The tRee of dog bReeds

The function for adding dog images next to any plot object is in the Gist at the end of this post.

This recent study led by Heidi Parker produced some enlightening results about the origin of different dogs, and how desirable traits from certain breeds have been bred into others. Read more about it here. This dog breed genome paper had a pretty figure showing the relationship between 161 breeds, and straight away I checked to see if the authors had shared the tree. Fortunately, they did. Supplementary dataset S2 provides a bootstrapped consensus cladogram built using genomic distances for over 1300 individuals. Having access to these data led to what is now my third consecutive dog-themed and R-themed post.

This post goes through three main steps:

  1. Importing dog breed data.
  2. Reading the cladogram.
  3. Putting the tree and the breed data together for some visualizations.

Importing dog breed data

Knowing that reading and manipulate the dog breed tree shouldn’t be too much of a problem, I started searching the web for dog breed data that I could match up with the cladogram. I found several relevant databases (such as this collection of spreadsheets) but I went with one in particular simply because of the format it came in.
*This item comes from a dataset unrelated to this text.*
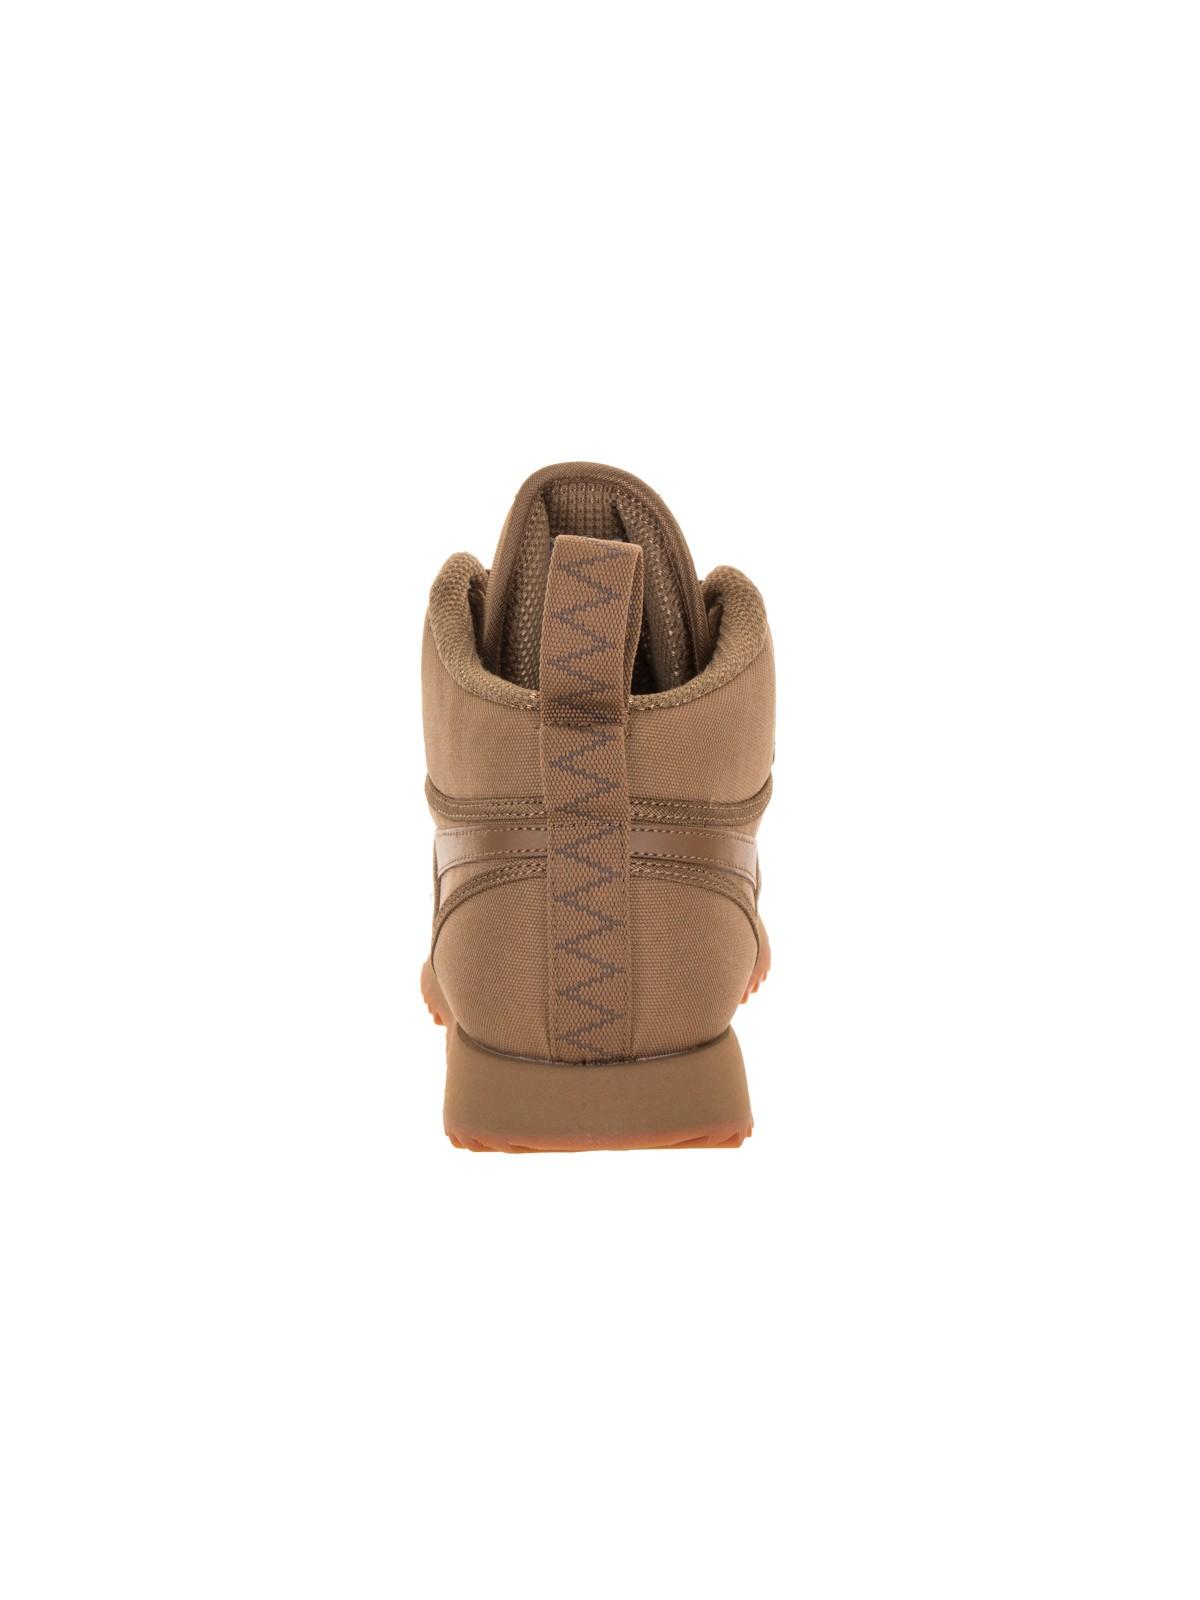 a04b7e2101b3 Reebok - Reebok Men s Classic Leather Mid Ripple TB Casual Shoe -  Walmart.com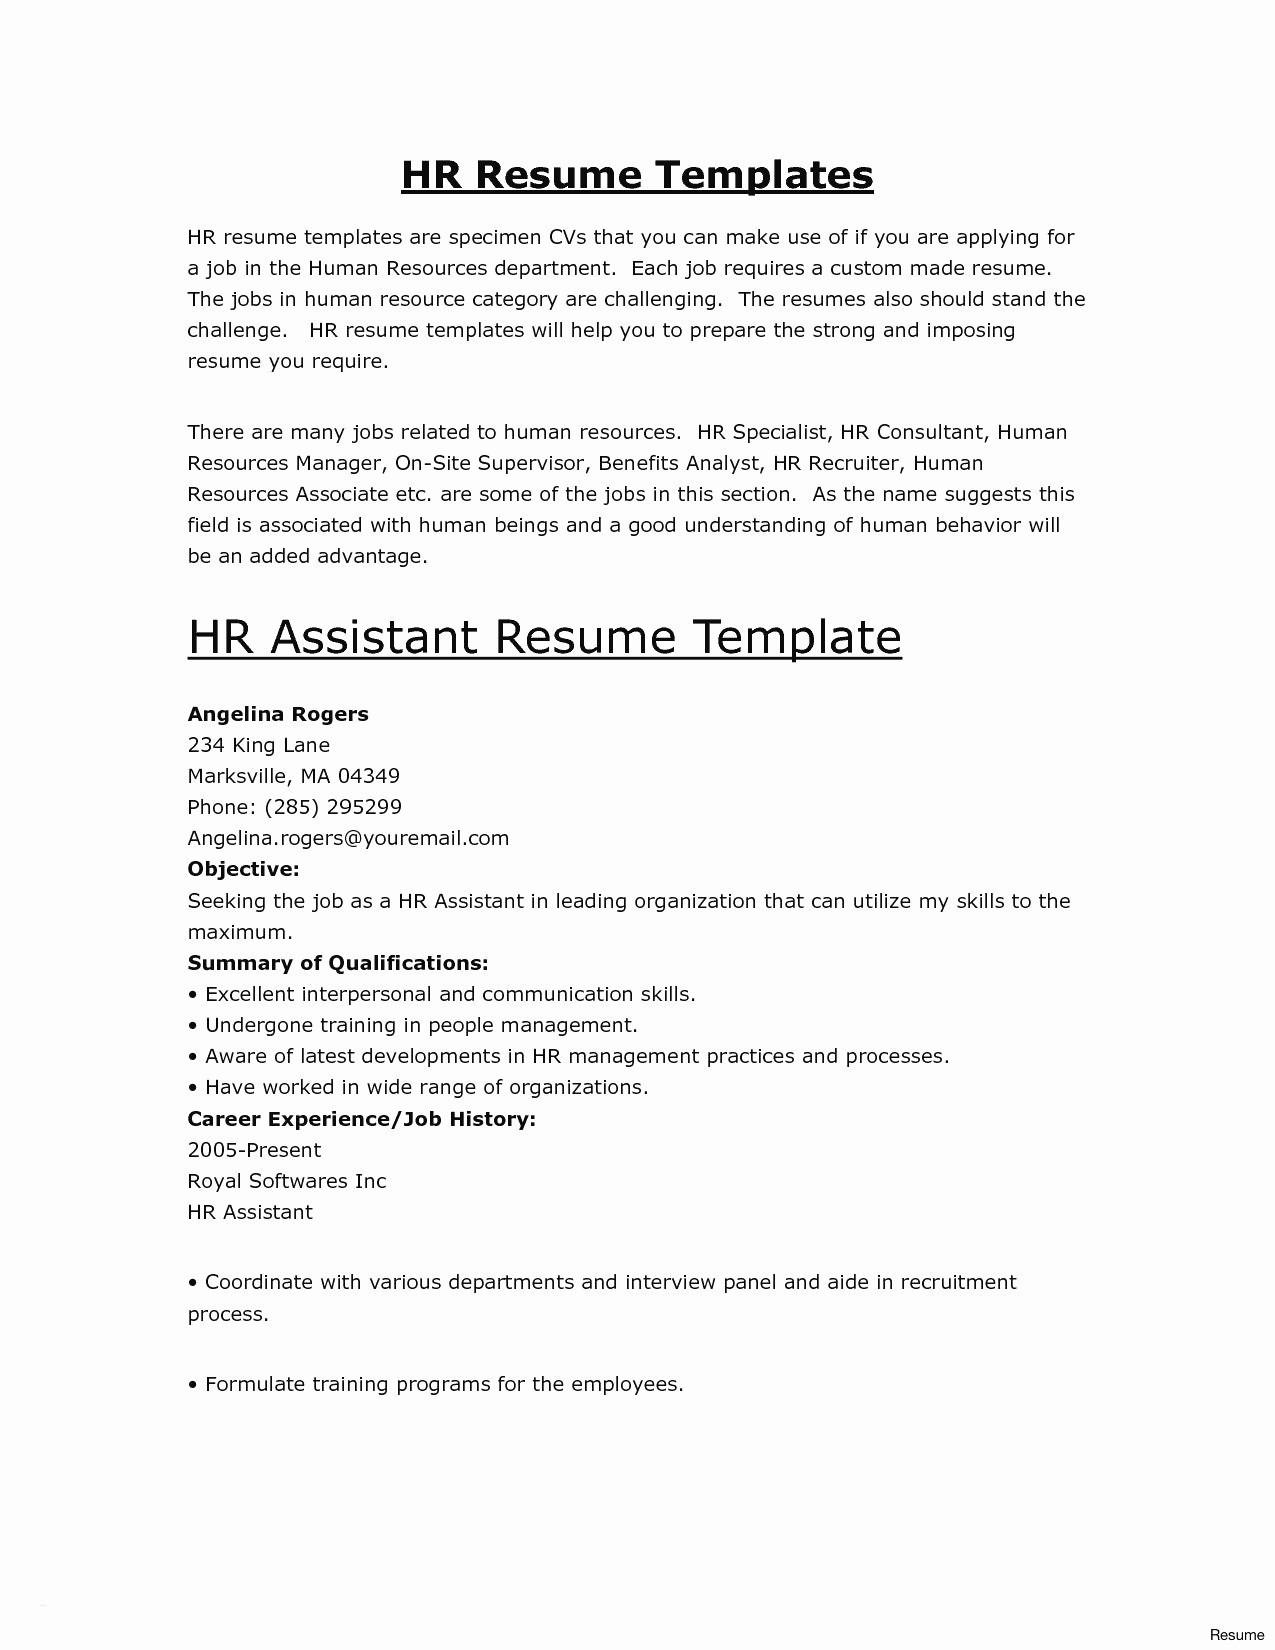 How To Type A Resume How To Type A Resume Unique How To Type A Resume Beautiful Self Employed Resume New Luxury Of How To Type A Resume how to type a resume|wikiresume.com

The Dog Breed Chart by Eric D. Rowell contains numerical values for several breed attributes for 199 different breeds. Also, it has its source data as a json file on GitHub. Until now I had been too intimidated to mess with json using R, despite it being an increasingly widespread format (I’d like to thank dogs for getting me to finally learn more about json). JSON stands for JavaScript Object Notation, it is meant to be a lightweight data-interchange format and it describes itself as “easy for humans to read and write” as well as “easy for machines to parse and generate”.

After deciding to tackle json files I had to figure out how to work with this format in R, and once again I followed some of the steps that Jim Vallandingham used to analyse Kung Fu movies. This meant using the tidyjson package to read the json file and wrangle it into a tidy table structure. There are other packages for working with json data in R, but tidyjson has really smooth integration with dplyr and that sealed the deal.

All the R code in the code blocks should be fully reproducible, and the only file that needs to be downloaded locally first is the json file (I think the read_json function breaks with URL file paths - I’ve already created an issue).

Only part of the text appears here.